Re: unknown test data twenty-newsgroups example

Posted by Drew Farris <dr...@apache.org>.
On Thu, Sep 30, 2010 at 10:00 AM, Neil Ghosh <ne...@gmail.com> wrote:
>
> My Question is , If I want to test unknown, documents , do I need it in
> specific format ? or just keep them (as raw text ) in the input folder while
> testing ?

If I interpret your question correctly, you're saying "I've trained my
classifier and tested it, now how do I use it in production?". I don't
know that this is covered by the example.

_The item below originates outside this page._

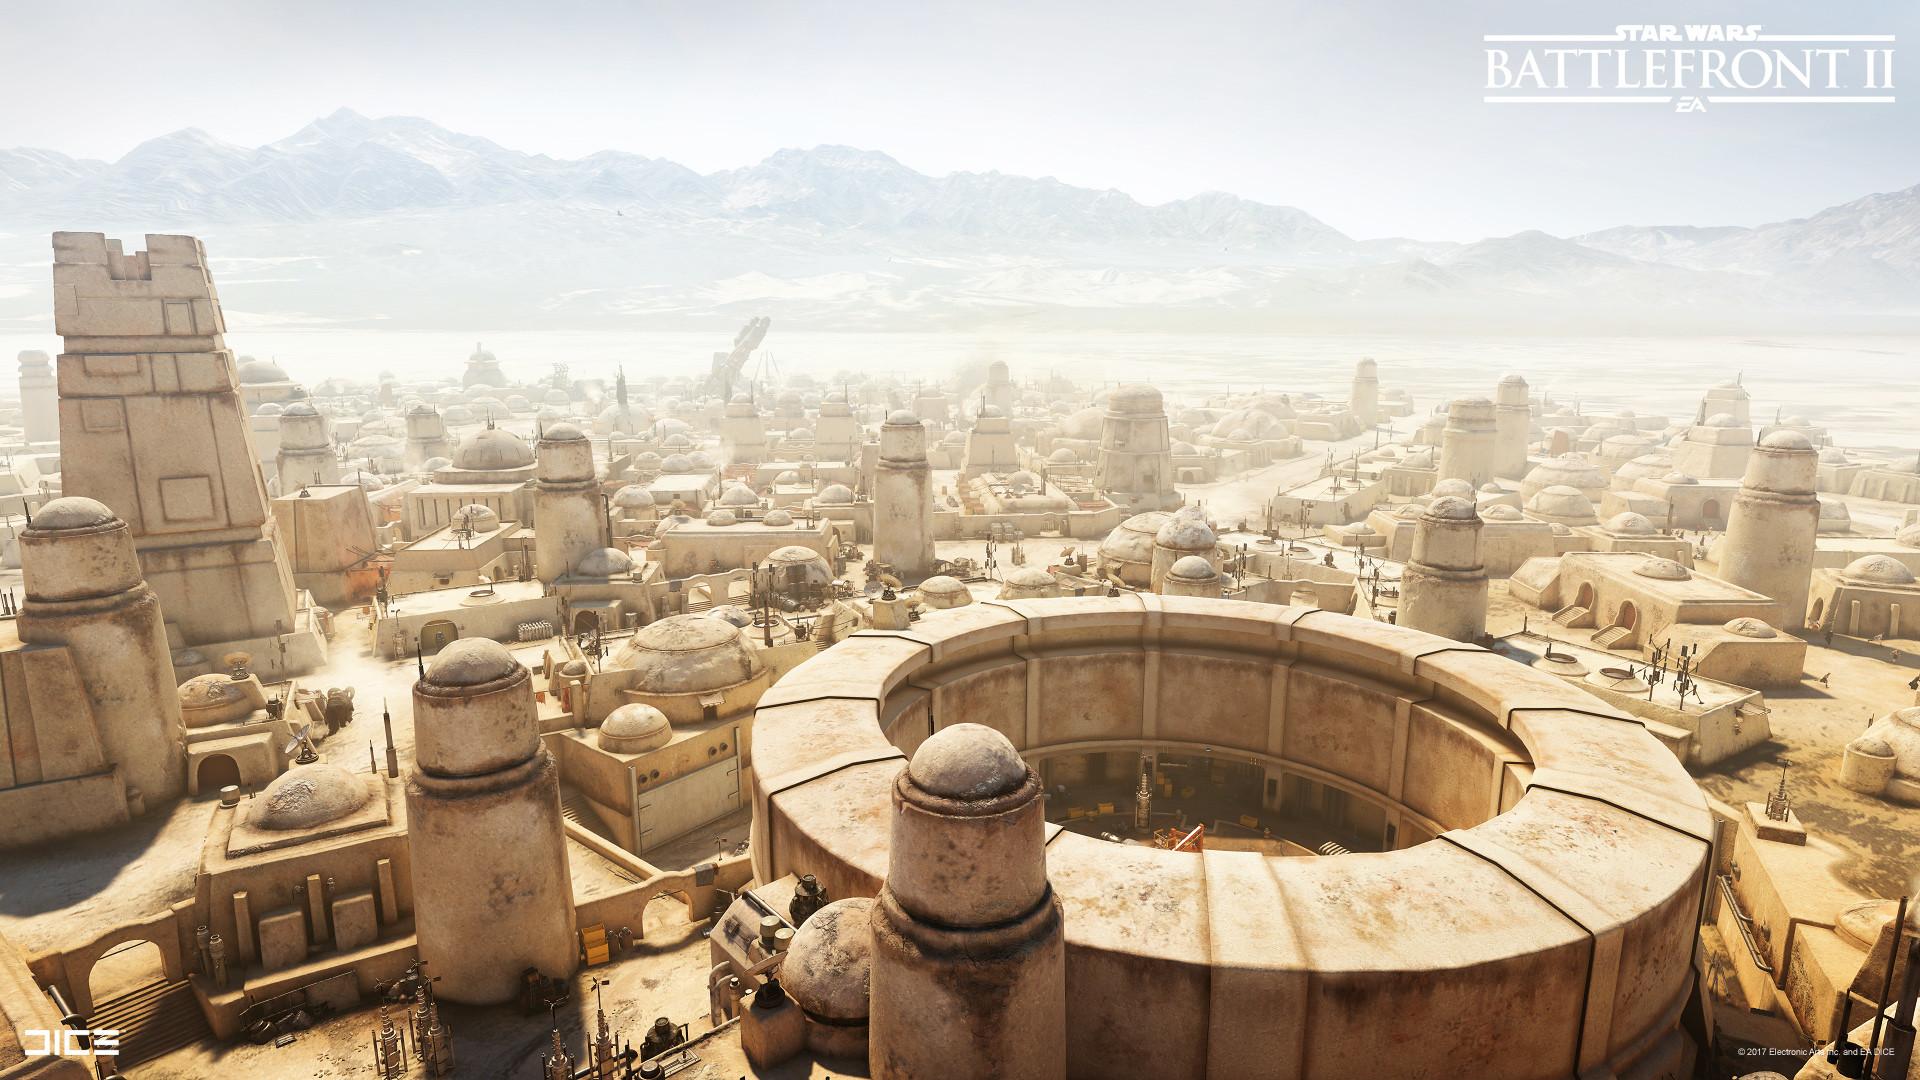 Tatooine Mos Eisley Star Wars Battlefront Wiki Fandom Powered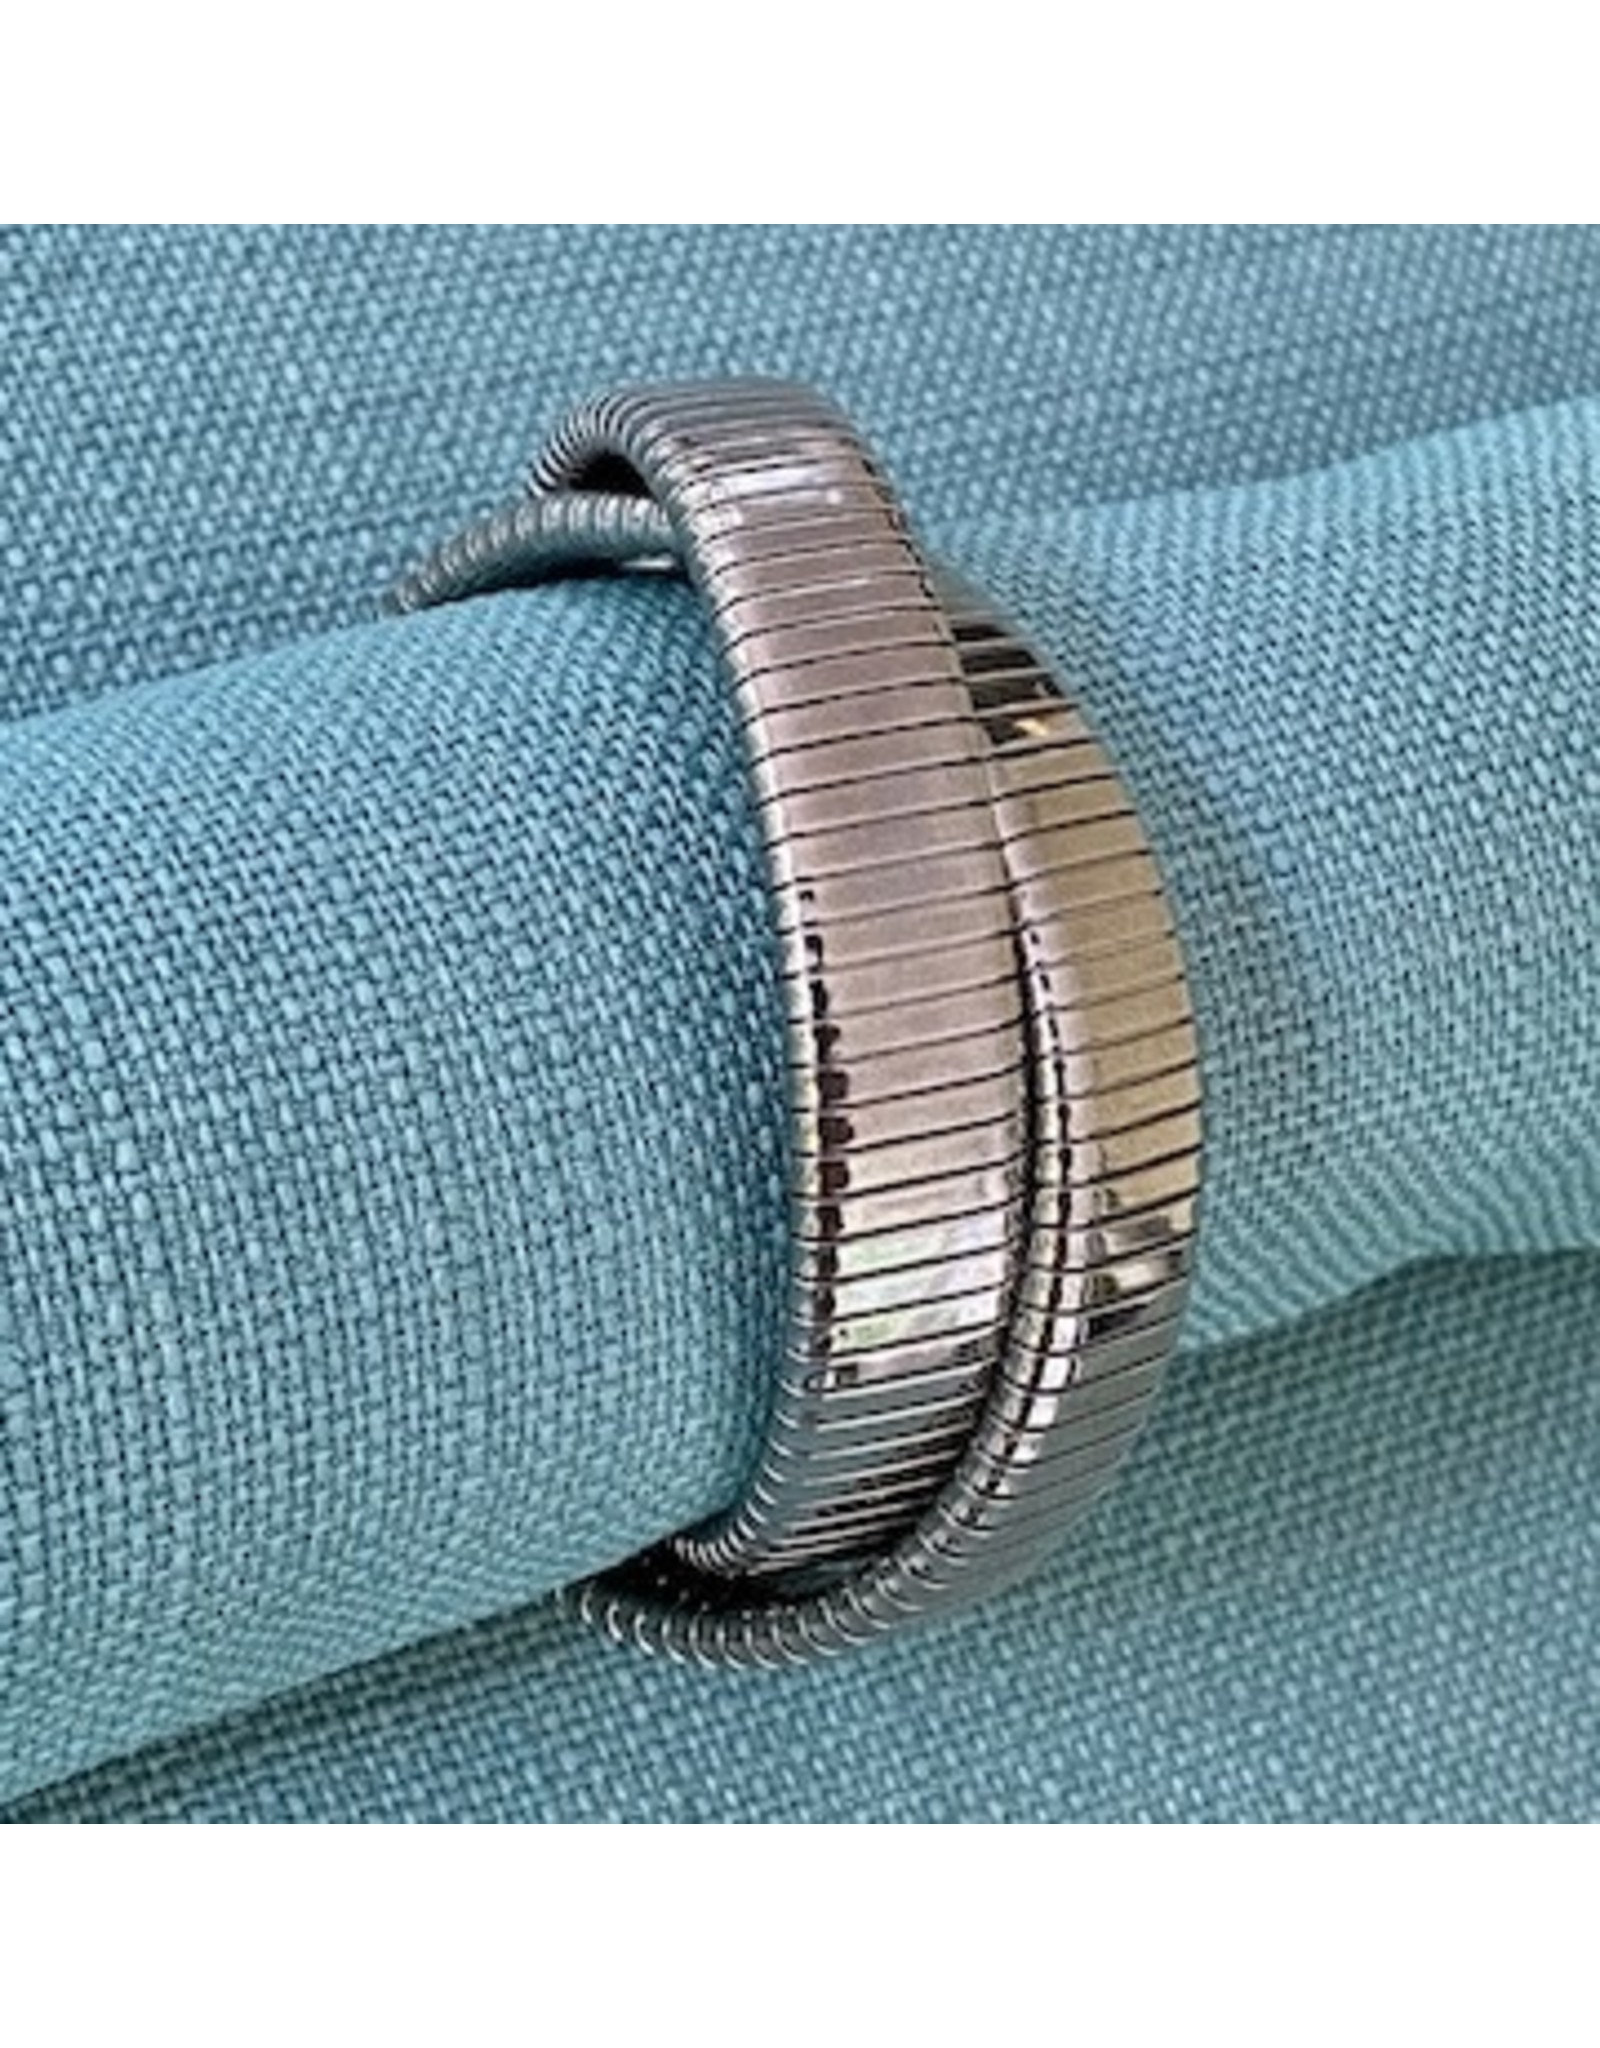 Janis Savitt VCExclusives: Cobra Silver Double

The unit test, in core/src/test/java --
org.apache.mahout.classifier.bayes.BayesClassifierSelfTest provides a
potentially useful example. Take a look at the testSelfTestBayes()
method.

In general, the operations involved include;
   Create an instance of Algorithm and Datastore, configure as appropriate .
   Create an instance of ClassifierContext (named classifier) using
the Algorithm and Datastore, calling initialize() upon i the context.
   Generate tokens from your input document (either individual words
or ngrams based on how the data used to train the model was
processed).
   Call classifier.classifyDocument(String[] tokens, String
defaultCat) this will return a ClassifierResult containing the top
classifications for the input document ranked by score).

HTH,

Drew

Re: unknown test data twenty-newsgroups example

Posted by Ted Dunning <te...@gmail.com>.
A very good practice is to use a data set like this:
http://people.csail.mit.edu/jrennie/20Newsgroups/20news-bydate.tar.gz

Segregating by date avoids problems with duplicate documents appearing in
both training and test.  It also gives you a standard split so that you can
compare to other peoples' results.

On Thu, Sep 30, 2010 at 7:00 AM, Neil Ghosh <ne...@gmail.com> wrote:

> Hi,
>
> In this example
>
> https://cwiki.apache.org/MAHOUT/twenty-newsgroups.html
>
> The test is done on the already classified input text documents.
>
> My Question is , If I want to test unknown, documents , do I need it in
> specific format ? or just keep them (as raw text ) in the input folder
> while
> testing ?
>
> Thanks and Regards
> Neil
> http://neilghosh.com
>

Re: unknown test data twenty-newsgroups example

Posted by Bhaskar Ghosh <bj...@yahoo.co.in>.
Thanks Ted, Robin, and Neil. I am now clear of my doubts, and would try the 
approach now.
 Regards
Bhaskar Ghosh
Hyderabad, India

http://www.google.com/profiles/bjgindia

"Ignorance is Bliss... Knowledge never brings Peace!!!"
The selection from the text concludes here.